Five Iranian nuclear scientists are known to have been assassinated since
2007. Mr Abbasi was himself wounded when a motorcyclist attached a bomb to
his car in Tehran in November 2010, on the same day as another scientist was
killed by this method.
The Fordow enrichment plant, buried beneath about 260ft of rock and earth, was
built in secret from 2006 onwards. But Western intelligence discovered its
construction, allowing President Barack Obama to reveal the installation’s
existence in 2009. Fordow is Iran’s most valuable plant because its location
in a hollowed out mountainside could render it immune to air attack.
The IAEA says that 696 centrifuges are being used to enrich uranium inside
Fordow, with another 1,444 installed but not yet operational. If these
machines lost their power supply, they would be severely damaged, said Mark
Fitzpatrick, the head of non-proliferation at the International Institute
for Strategic Studies.
“If there was no power source to keep them spinning, and if they stopped,
as they slowed down they would crash,” he said.
But IAEA inspectors visited Fordow the day after the incident, on Aug 18.
Their report on Iran’s nuclear programme, released on Aug 30, does not
mention any damage to the centrifuges.
This suggests that Fordow must have a backup electricity system. It would, in
any case, be an extraordinary oversight for an installation of this
sensitivity to lack an independent power supply and rely on a normal grid
connection.
The development of Fordow may not be progressing as rapidly as Iran might have
hoped. While the total number of centrifuges installed in the plant has
tripled since February, the number of operational machines has remained
constant for the last seven months at 696.

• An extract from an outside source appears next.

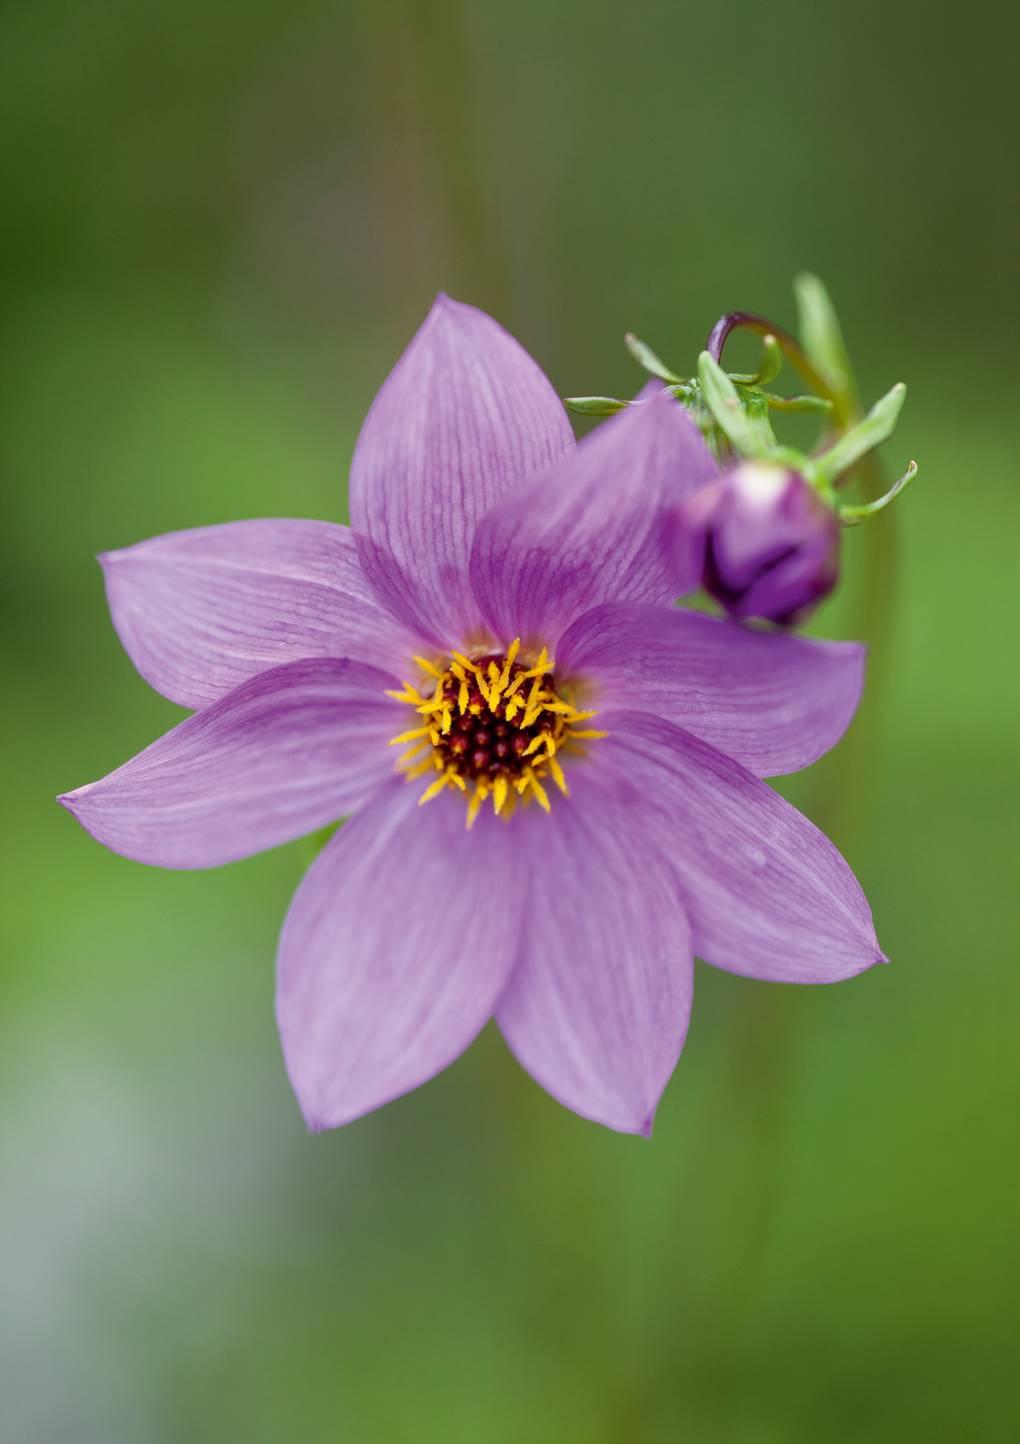 Best Perennials To Grow From Seed House Garden
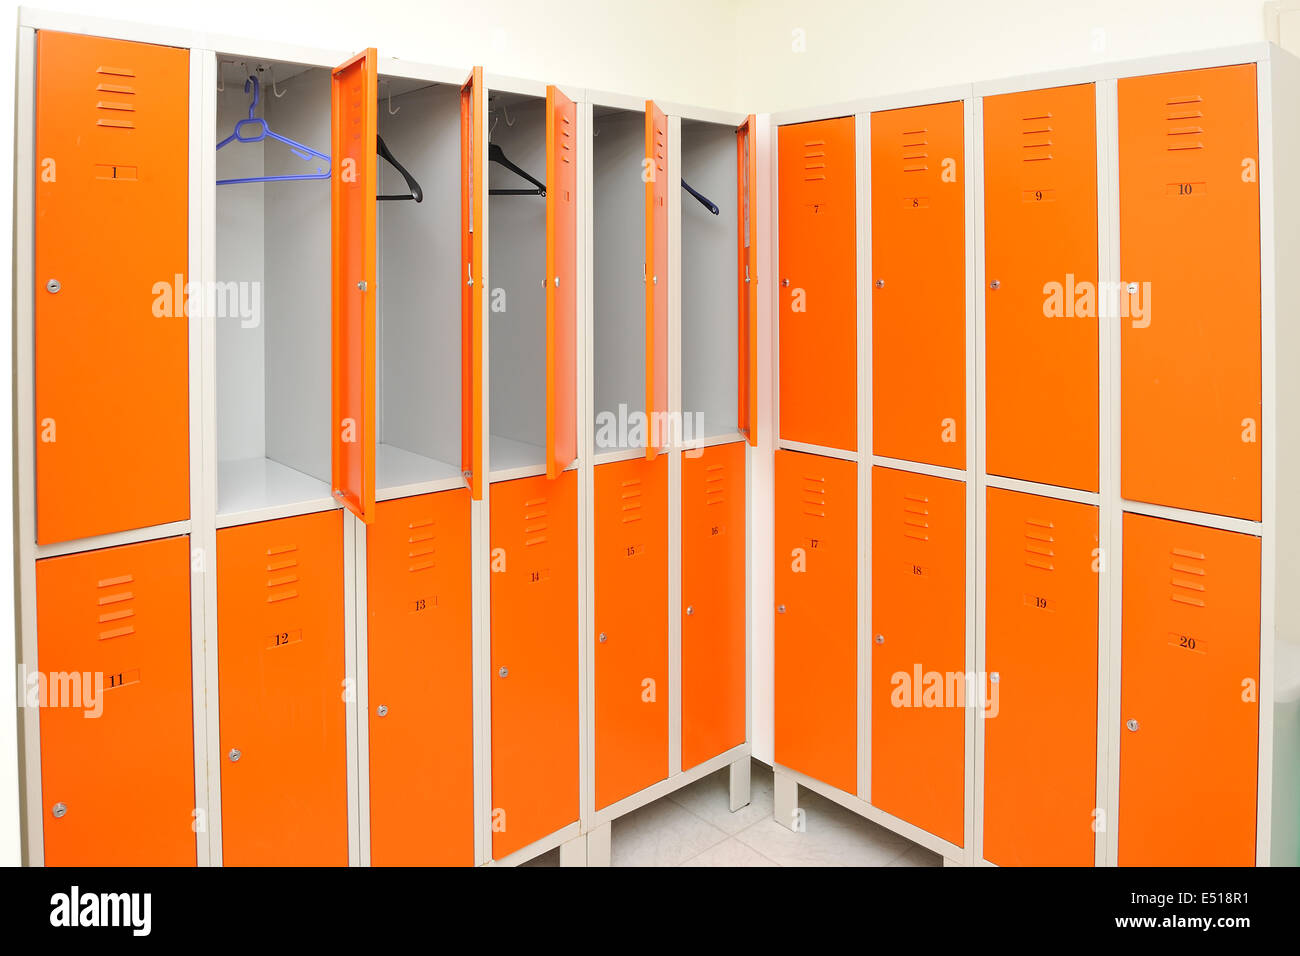 Lockers - Stock Image

Mr Fitzpatrick noted that the electricity supply for Iran’s other enrichment
plant at Natanz had been singled out for sabotage, with one power surge
destroying 50 centrifuges. It was “entirely conceivable” that
Fordow could be encountering the same attention, he said.
The CIA is understood to have begun a sabotage campaign, code-named “Olympic
Games”, under the Bush administration. The most successful intervention
was the Stuxnet computer virus, which makes centrifuges spin out of control
and tear themselves to pieces. This was infiltrated into Natanz in 2009 and
briefly forced all enrichment to be halted for emergency repairs. This virus
alone probably delayed Iran’s nuclear ambitions by up to a year.